TOEFL-iBT 2006 Test Format?
Alla Zareva
(Alla.Zareva@nau.edu)
Northern Arizona University, U.S.A.
![]()
Abstract
In recent years TOEFL has
become one of the most popular high-stakes tests affecting not only what and how
English language teachers teach but also what and how students learn (e.g.
Johnson, Jordan, & Poehner, 2005; Alderson & Wall, 1993). The new 2006 TOEFL–iBT
exam is on its way; yet, until now, information about the new test format and
test preparation materials is scarce. Above and beyond interest in the test
alone, the burning question is what demanded the revision of the current test,
given that the latest computer-based TOEFL was introduced fairly recently
worldwide. The paper elaborates on some of the major reasons that have promoted
the current changes of the exam format emphasizing the realization of testing
experts, researchers, ESL/EFL teachers, students, program administrators, and
other end-users that to succeed in an academic environment in which English is
the language of instruction, students need not only to understand English, but
also to communicate effectively. Among these reasons is the growing awareness
among all parties interested in the test results that if a test is aiming to be
a test of English for academic purposes and a reliable instrument of language
proficiency, it needs to capture the integrated nature of the use of skills in
academic settings. The paper also discusses in greater detail the new revisions
of the test format – that is, the inclusion of a new speaking section, the
revision of the writing component, and the incorporation of note-taking
throughout all sections of the test – in light of the theoretical considerations
and research findings underpinning the modifications. The expected outcomes and
implications of the test revisions are outlined with regard to a focus on
communicative competence and the anticipated positive washback effect on the way
English is taught in the future.
The next generation 2006 Test of English as a Foreign Language Internet-Based Testing (TOEFL–iBT) is on its way. Educational Testing Service (ETS) recently announced that the transition to the new test worldwide will take place in a phase manner over the rest of 2005 and the following year. According to the ETS schedule, the test would be first administered in the United States in September, 2005, followed by its implementation in Canada, France, Germany and Italy in October the same year, while its introduction in the rest of the world will begin in 2006. However, until the new Internet-based test is implemented, ETS will continue to administer the current computer-based (CBT) and paper-based (PBT) versions, as well as Test of Spoken English (TSE) (as a stand-alone test) throughout the transition period. At this point of time, information about the new test format and test preparation materials is scarce – the only available source, to my knowledge, being ETS (consult <www.ets.org/toefl> for more information) – but the expectations of language testing experts, English as a second/foreign language (ESL/EFL) teachers, and program administrators seem to be optimistic (personal communication). Many of them feel that the next generation TOEFL will offer innovative elements in its new format by putting its main emphasis on test-takers' integrated skills and their ability to communicate in an academic setting – an idea that is generally neither new nor innovative in the language testing field (see Davies, 2003, for a review). The reason behind the test revision is the realization that to succeed in an academic environment in which English is the language of instruction, students need not only to understand English, but also to communicate effectively. Thus, the new test format is intended not only to help institutions make better decisions about prospective students' readiness for academic coursework, but also to give test-takers the confidence of knowing they have the skills to meet the demands of their areas of study.

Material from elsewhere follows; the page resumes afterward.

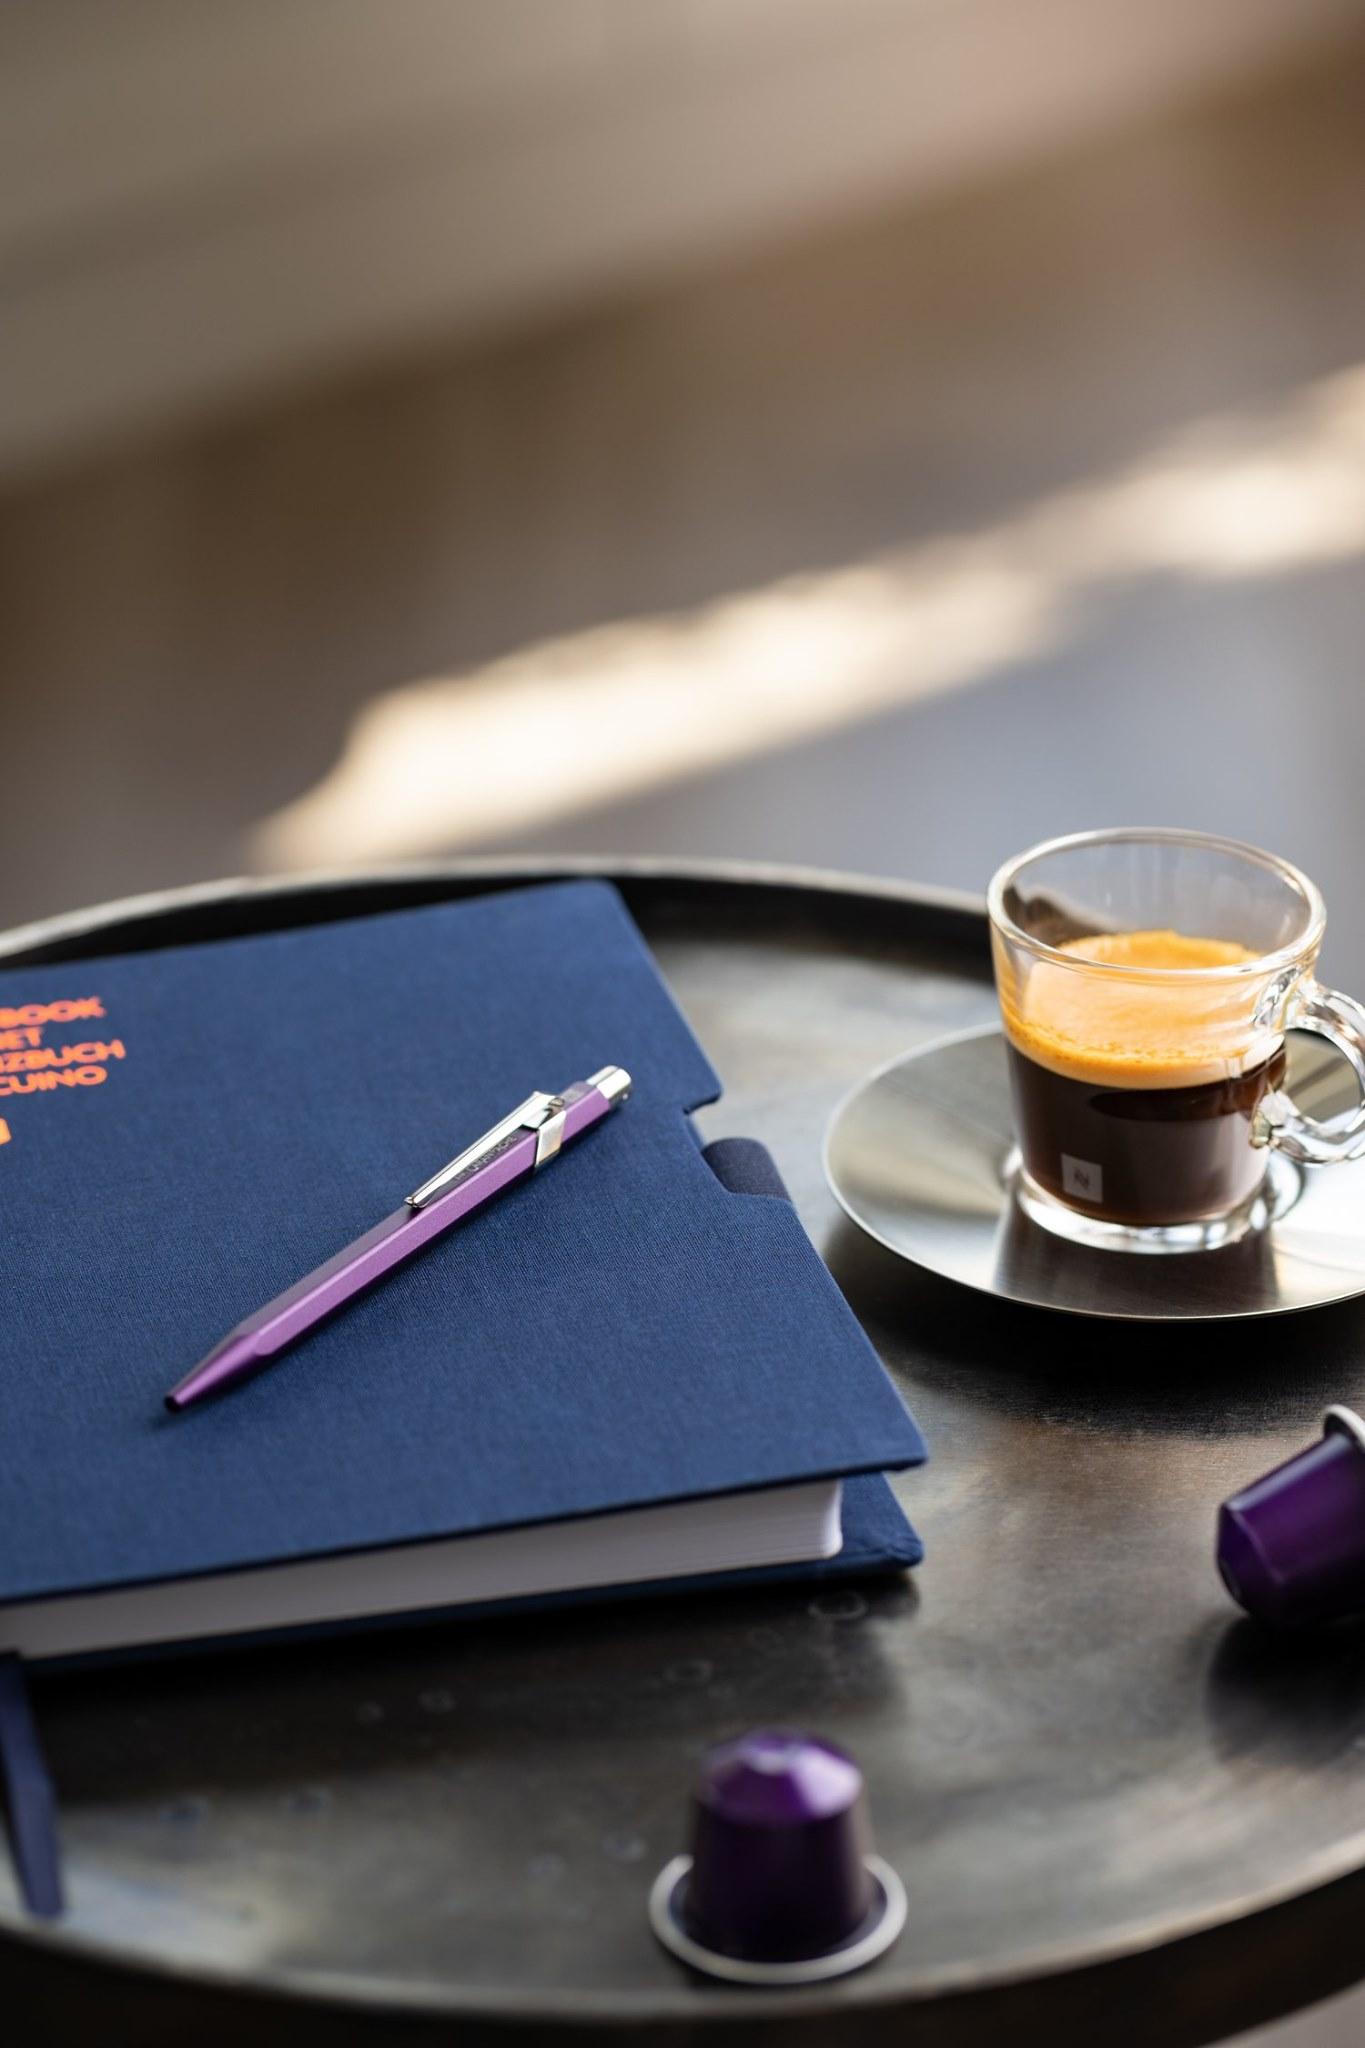 Caran d Ache 849 Nespresso Arpeggio-mesa cafe

The burning question that all interested parties have in mind is what demanded the revision of the current test, given that the latest TOEFL format (the CBT) was introduced fairly recently worldwide. By and large, this is not an easy question to answer considering the extraordinary power TOEFL has gained, particularly in U.S. colleges and universities, in making decisions about accepting students into programs, allocating funds to schools and programs, awarding scholarships, licences, or certification etc. In recent years TOEFL has become one of the most popular high-stakes tests affecting not only what and how English language teachers teach but also what and how students learn (e.g. Johnson, Jordan & Poehner, 2005; Messick, 1996; Alderson & Wall, 1993). In fact, compared to other proficiency tests used for selecting students for undergraduate and graduate programs, particularly in North American colleges and universities (e.g. the University of Michigan’s Michigan English Language Assessment Battery, the English Language Proficiency Test of the College Board, etc.), TOEFL is by far the most widely used primary instrument for making admissions decisions (Jamieson, Jones, Kirsch, Mosenthal & Taylor, 2000) and the most commonly taken international English language test worldwide (e.g. Pierce, 1992; Hamp-Lyons, 1998).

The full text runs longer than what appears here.